CREATE UNIQUE INDEX idx_short_code ON urls(short_code);
CREATE INDEX idx_user_id ON urls(user_id);  -- "my URLs" page
CREATE INDEX idx_expires_at ON urls(expires_at) WHERE expires_at IS NOT NULL;
-- Partial index only on rows with expiry → smaller, faster for cleanup job

DB Choice: MySQL (or PostgreSQL)

Justification:
  - 150 GB total storage → fits comfortably on single node
  - Access pattern: primary key lookup (short_code) → perfect for SQL B-tree index
  - ACID required: prevent duplicate short codes under concurrent inserts
  - Complex queries not needed → NoSQL would work too, but SQL is simpler

Read replicas: 3 replicas for 10K+ redirects/sec read load
Sharding: not needed at 150 GB — if URLs reach 10 TB, shard by hash(short_code)

6. Caching Strategy

Layer 1: In-process cache (Caffeine)
  - Size: top 10,000 most accessed URLs per server
  - TTL: 5 minutes
  - Hit rate: ~60% of traffic (power-law distribution)

Layer 2: Redis
  - Key: "url:{shortCode}"
  - Value: long_url string
  - TTL: 24 hours (most URLs accessed within 24h of creation)
  - Hit rate: ~99% of remaining traffic
  - Eviction: allkeys-lru (hot URLs stay, cold ones evicted)

Cache miss path:
  → Query MySQL read replica (~5ms)
  → Populate Redis (TTL 24h)
  → Populate in-process cache (TTL 5min)

Cache invalidation:
  - URL deleted: delete from Redis immediately
  - URL expired: TTL-based expiry or background job deletes + Redis key deleted
  - Click count: NOT cached — updated async via Kafka consumer to MySQL

7. Redirect: 301 vs 302

HTTP 301 Moved Permanently:
  ✅ Browser caches the redirect → subsequent visits bypass your server
  ✅ Reduces server load
  ❌ Can't track repeat visits from same browser
  ❌ If long URL changes, browsers serve old cached redirect
  Use when: link never changes, analytics not critical

HTTP 302 Found (Temporary):
  ✅ Browser does NOT cache → every visit hits your server
  ✅ Full analytics on every click
  ✅ Can update long URL at any time
  ❌ Higher server load (every click hits you)
  Use when: analytics required, URLs may change (RECOMMENDED for TinyURL)

8. Analytics Pipeline

Async — does NOT block the redirect:

[Redirect handler] ──fire-and-forget──→ [Kafka topic: click-events]
                                                │
                    ┌───────────────────────────┤
                    │                           │
                    ↓                           ↓
          [Click Count Consumer]     [Analytics Consumer]
          (UPDATE urls SET           (stream to ClickHouse
           click_count += 1)         for dashboard queries:
                                     geo, device, referrer,
                                     hourly/daily aggregates)

Click event schema:
{
  shortCode: "abc1234",
  timestamp: 1700000000,
  ipAddress: "1.2.3.4",      // → geo lookup
  userAgent: "Chrome/120",   // → device type
  referrer:  "twitter.com"
}

9. Edge Cases & Deep Dives

Expiry Handling

Option A: Lazy expiry
  On redirect, check expires_at.

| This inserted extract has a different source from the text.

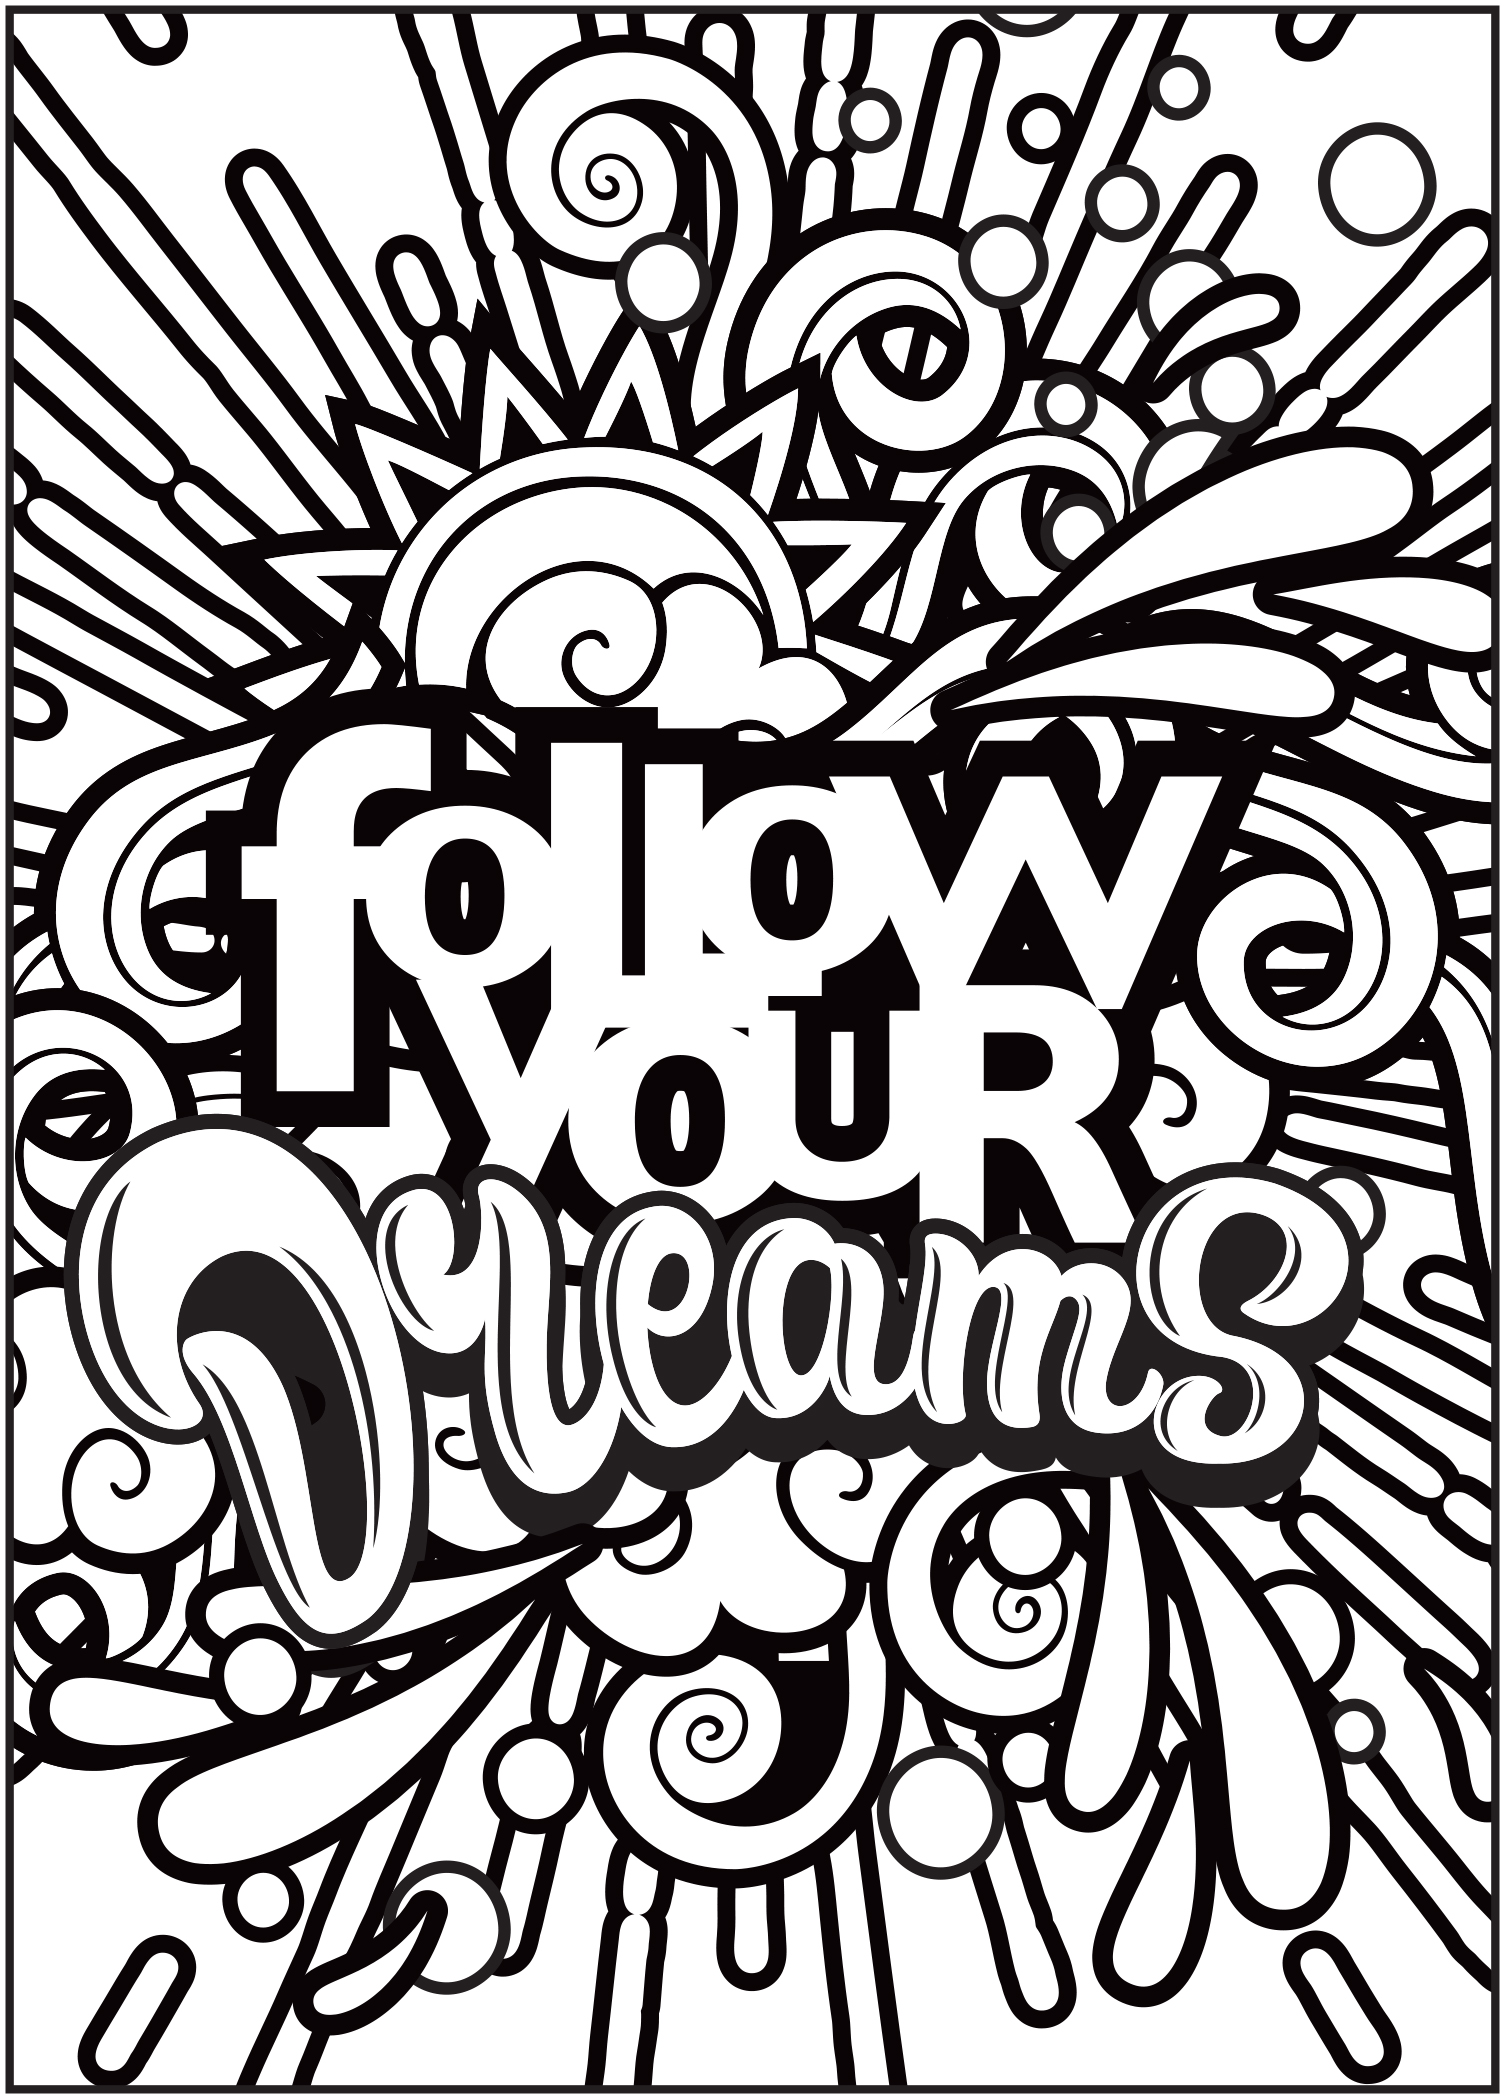 Cra-Z-Art: Timeless Creations Follow Your Dreams Coloring Book, 64 ...

If expired, return 404. Let Redis TTL handle cache.
  Simple — no background job needed.

Option B: Background cleanup job
  Scheduled daily: DELETE FROM urls WHERE expires_at < NOW()
  Prevents DB from filling with dead rows.
  Combined approach: lazy check + periodic cleanup.

Custom Aliases

POST /shorten { longUrl: "...", alias: "my-campaign" }

Validation:
  - Must be unique (UNIQUE index on short_code handles this)
  - Alphanumeric + hyphens only (prevent injection, reserved words)
  - Max length 50 chars
  - Reserve system words: "api", "health", "admin" → blocklist

On conflict: return HTTP 409 Conflict

Rate Limiting

Prevent abuse (URL bombing, scraping):
  - 100 shorten requests per IP per hour
  - 1000 redirect requests per IP per minute
  Implementation: Redis counter with TTL
    INCR rate:shorten:{ip}:{hour}
    EXPIRE rate:shorten:{ip}:{hour} 3600
    If count > 100 → return HTTP 429

URL Validation

Before storing:
Parse URL (valid scheme: http/https)
Check against blocklist (malware domains, phishing lists)
Check for redirect loops (short URL pointing to another short URL)
Max long URL length: 2048 chars

High Traffic URLs (Hotkeys)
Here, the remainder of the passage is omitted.